Natalia lives in York but is originally from France. She says: “It took me a long time to show myself, in video and social media, and I want to inspire others to do that as well. I live to dance, to laugh and use my hands to make things. “The dress, I bought on holiday in Crete in a lovely shop called Zaman (the designer is Ioanna Kourbella). The earrings are from my shop (nataliawillmott.co.uk, £125).”
Monia, originally from Poland, lives in York and is a working single mum to a son with autism. She says she is “making the most of everyday life with my amazing seven-year-old”, adding: “I want to show people that you can do it too. I love nature, animals (especially horses, rabbits, cats and all the fluffy ones), travelling and music. I share sensory interests with my son (fairy lights, lava lamps, plasma balls), and an interest in science and space.
“The flower dress is from AX Paris. I bought it years ago and have great memories attached to it. It gives me a confidence boost and brings back those memories. Every time I wear it - I feel happy and pretty.”
Sophie is a photographer, originally from North Yorkshire, now living in Nottinghamshire. She told Nisha that seeing herself through someone else’s lens would be fascinating. “I am passionate about making people feel good when I photograph others yet I cannot bring myself to be in front of the camera. Since becoming a mum I have struggled with body image and it has hugely affected my self-confidence and mental health.
“My top is Ted Baker and I love the ruffles, it feels very feminine and flattering. My jeans are F&F (at Tesco) and they are so comfortable, which is important for me as a working mum.”
Jakson is a Leeds-based aspiring conservationist, originally from Brazil. “I love nature and natural beauty, aspiring to be a conservationist one day, but along the way I love to fight for good causes, to sing, do photoshoots and travel. Body and self image positivity are extremely important to all of us and if I can help make someone else feel better about themselves, even a little bit, it’s a win.

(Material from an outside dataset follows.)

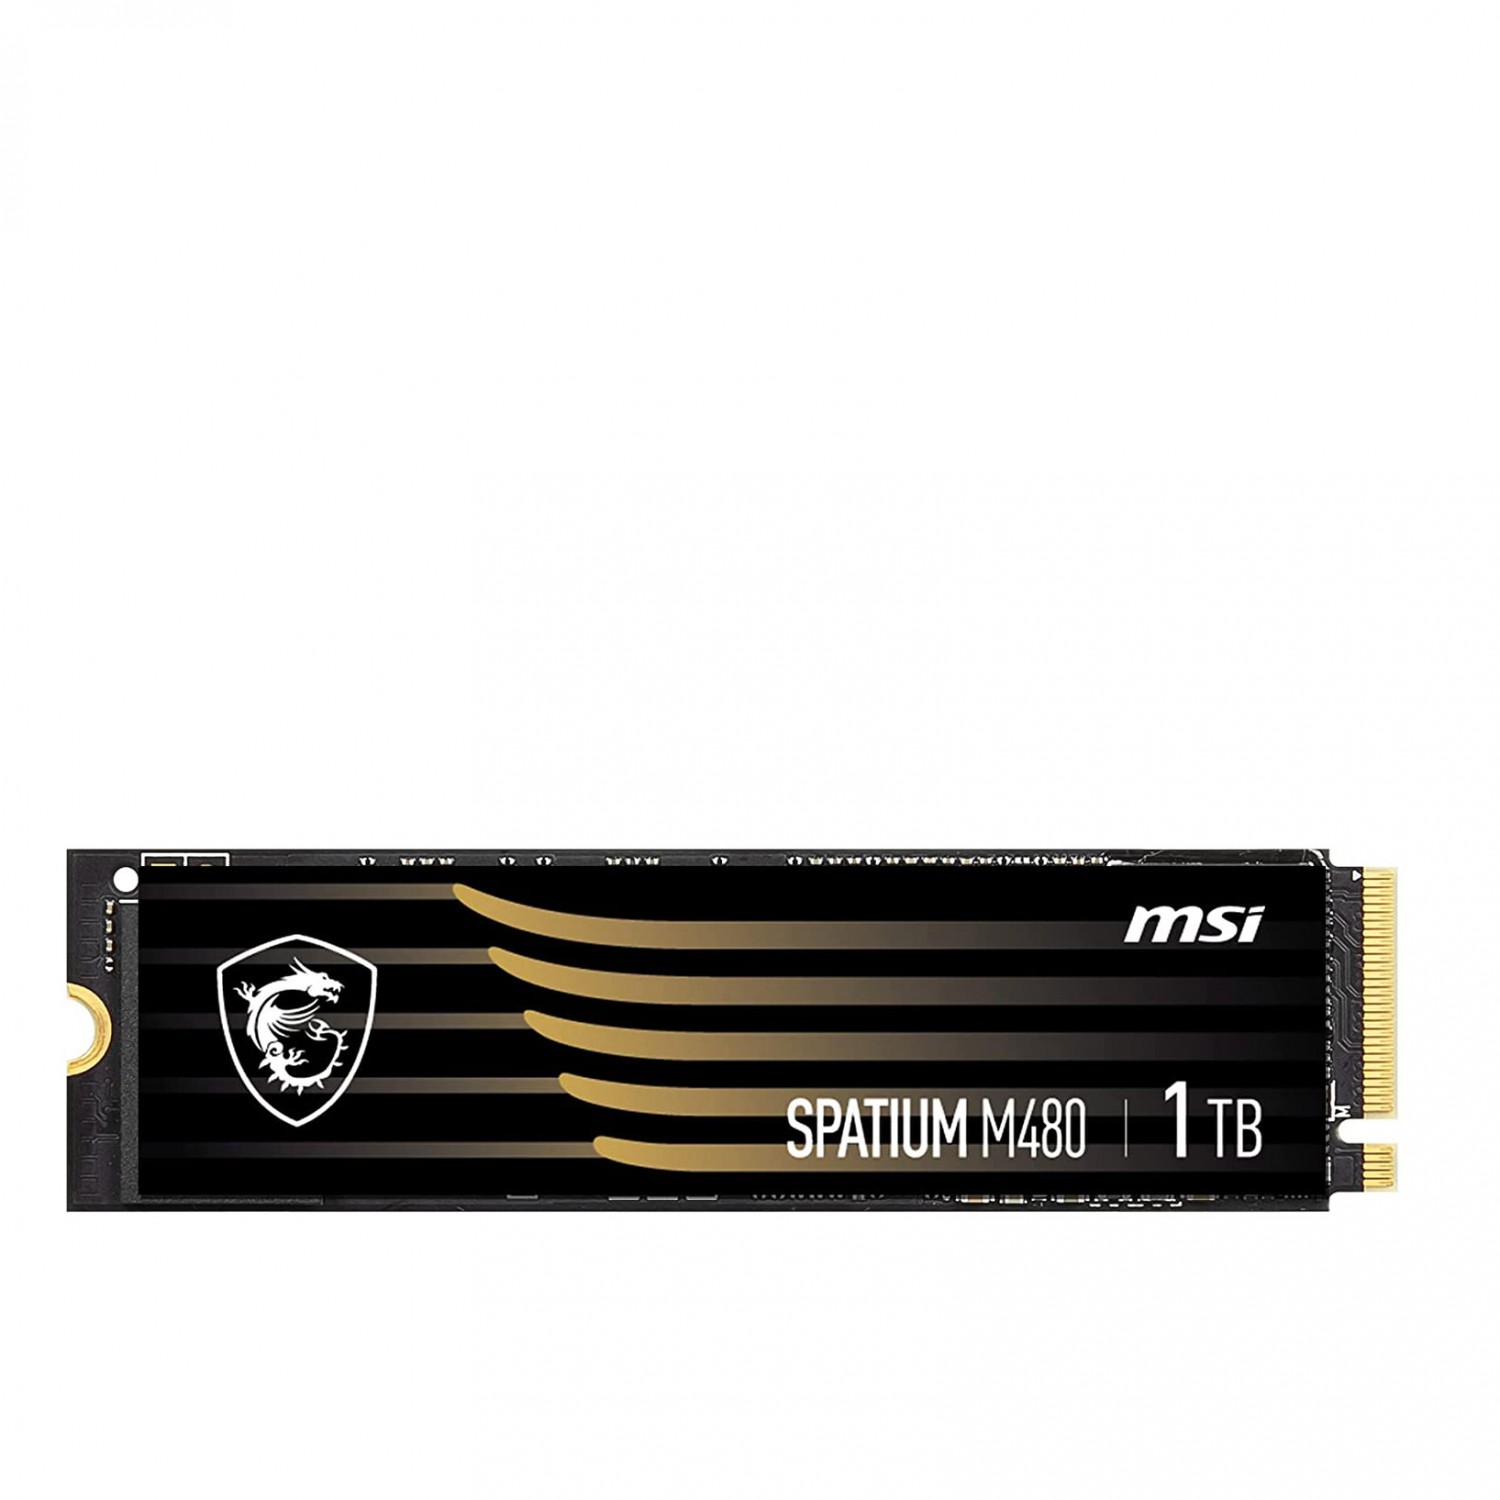 حافظه اس اس دی MSI Spatium M480 1TB-1

“The jacket and jeans are Pull&Bear, the top is from ASOS and the shoes are Caterpillar. I like wearing light colours when I’m feeling down sometimes. It really brings my mood up.”
Rebecca lives in West Yorkshire. She says: “I’m a forearm amputee who has many scars around my body from operations. I am also a mother to three children - two via C-section and one emergency surgery whom we sadly miscarried. I’ve lost just short of seven stone and I think it’s time to stop and embrace and love me. I just want to show others so hopefully they accept themselves better by seeing we are all different and beautiful.

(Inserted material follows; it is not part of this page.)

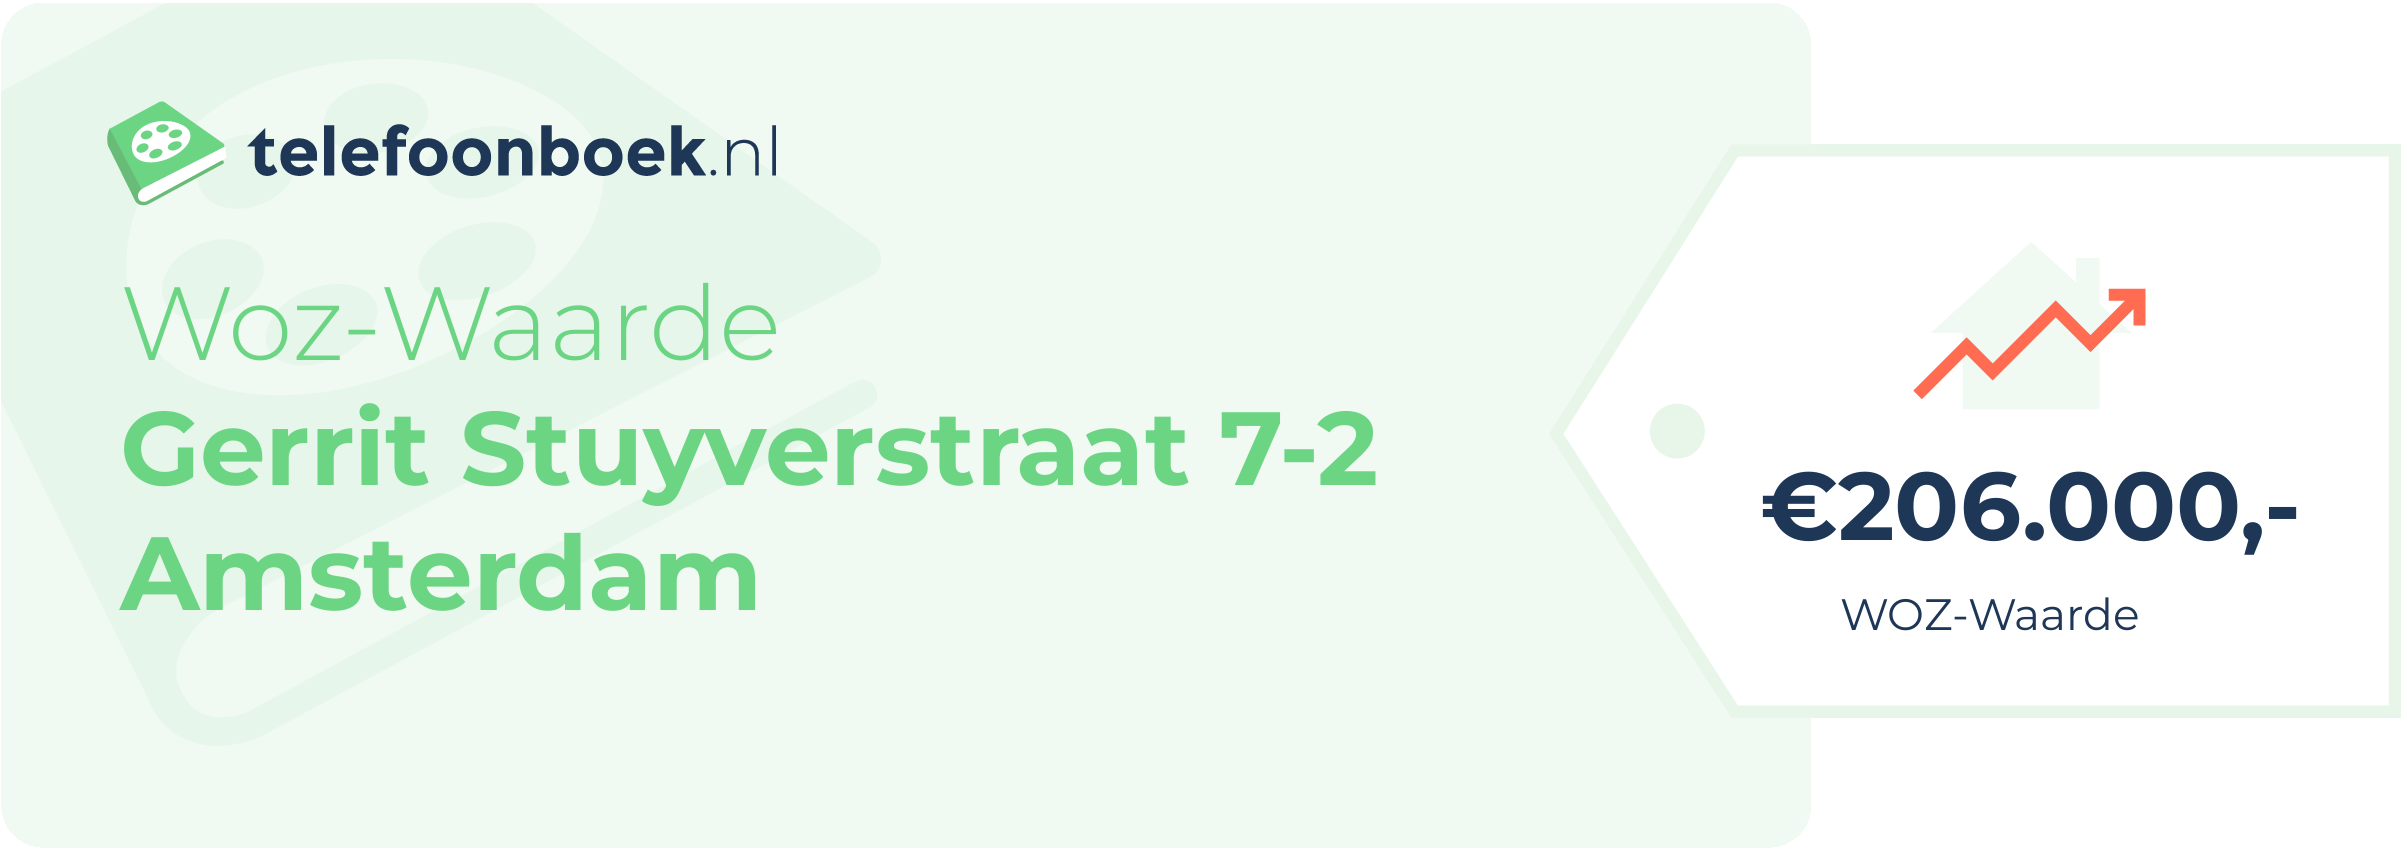 WOZ-waarde Gerrit Stuyverstraat 7-2 Amsterdam

“I don’t usually buy light clothes but I chose those because of the comfort, especially the jeans. They’re very roomy and the mom style suits my legs. The top I chose because I feel it just shows off my shoulder shape - daft, I know, but I like my shoulders.”
Dineo is a Leeds-based musician, originally from South Africa. She says: “I wish the world was kinder, especially in this pandemic. I’ve seen so much bad during this pandemic - it’s like people have forgotten how to be empathetic all together and are hiding behind social media.”

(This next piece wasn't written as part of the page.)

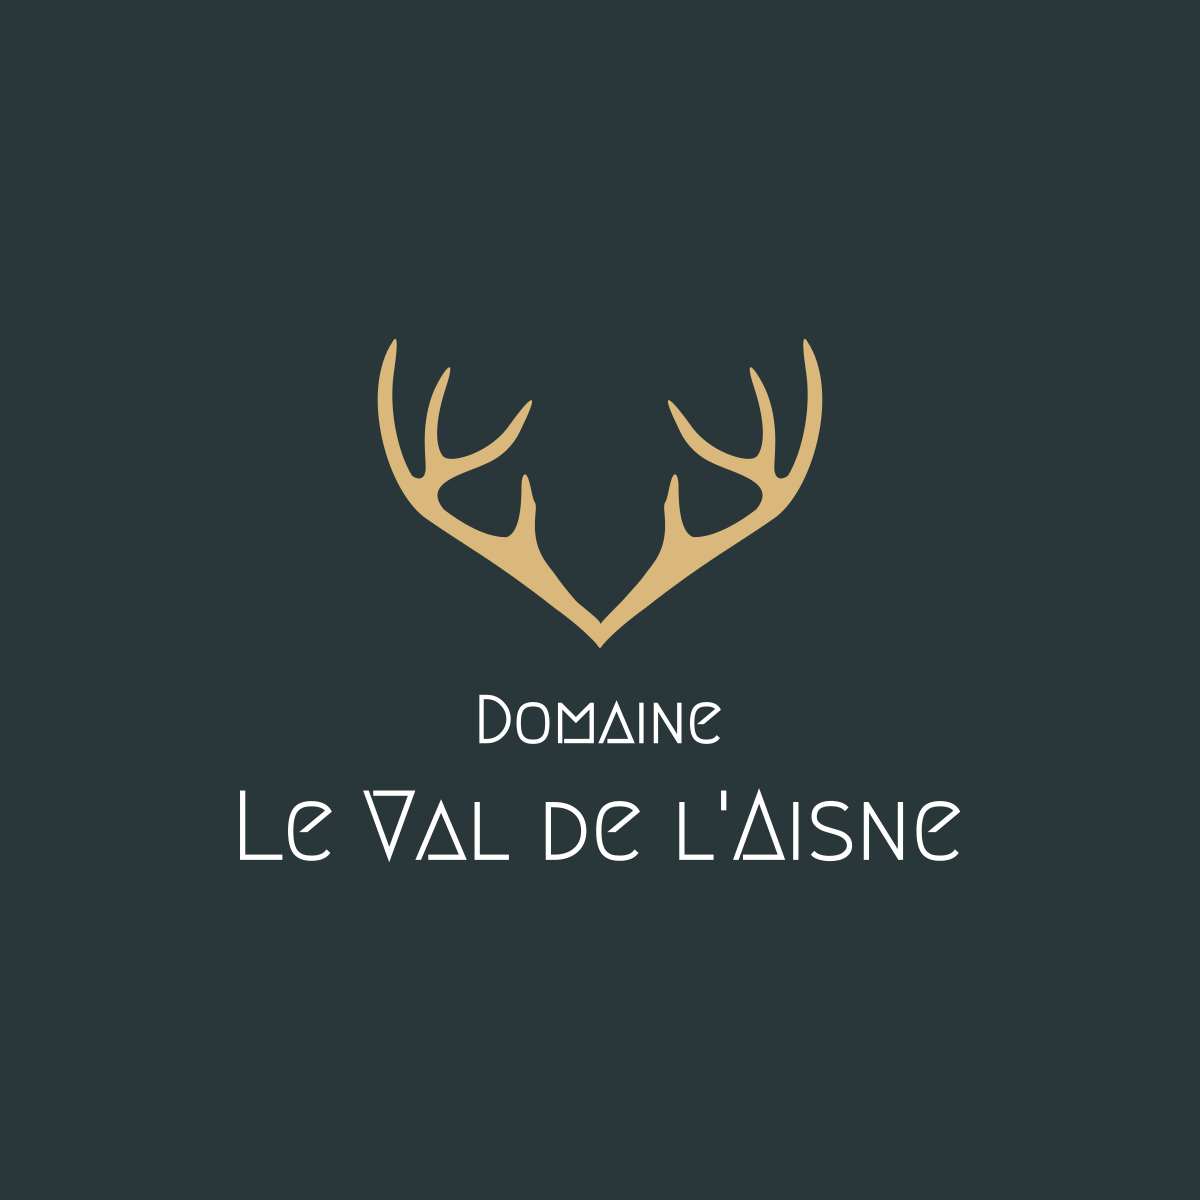 Domaine Le Val de l'Aisne

Dineo told Nisha she wanted to take part in the Learn to Love campaign to stand up and be proud. Nisha says: “She said afterwards, ‘You’ve no idea how inspiring these photos make me feel.’”
Nisha, a photographer based in Batley, devised the Learn to Love campaign. “I wasn’t originally supposed to be a part of the campaign and it was an afterthought following a cancellation. Over the years, like most people, I’ve gone through body and self-esteem issues. A huge thing for me is my eye - I’ve a lack of sight in one of them and so it goes out. Even throughout adulthood, other adults laugh and make jokes, point it out in the workplace, so I’ve always had confidence issues in the way that I look on the outside and would often refuse to be in photos. Over the past few years, I’ve taught myself to be a little kinder to me and realise that my previous confidence issues are all built out of preconceived standards of who I should be and how I should look. I photographed myself make-up free. You don’t have to meet someone else’s standards to be a good person or be beautiful. If the mould doesn’t fit, create your own.”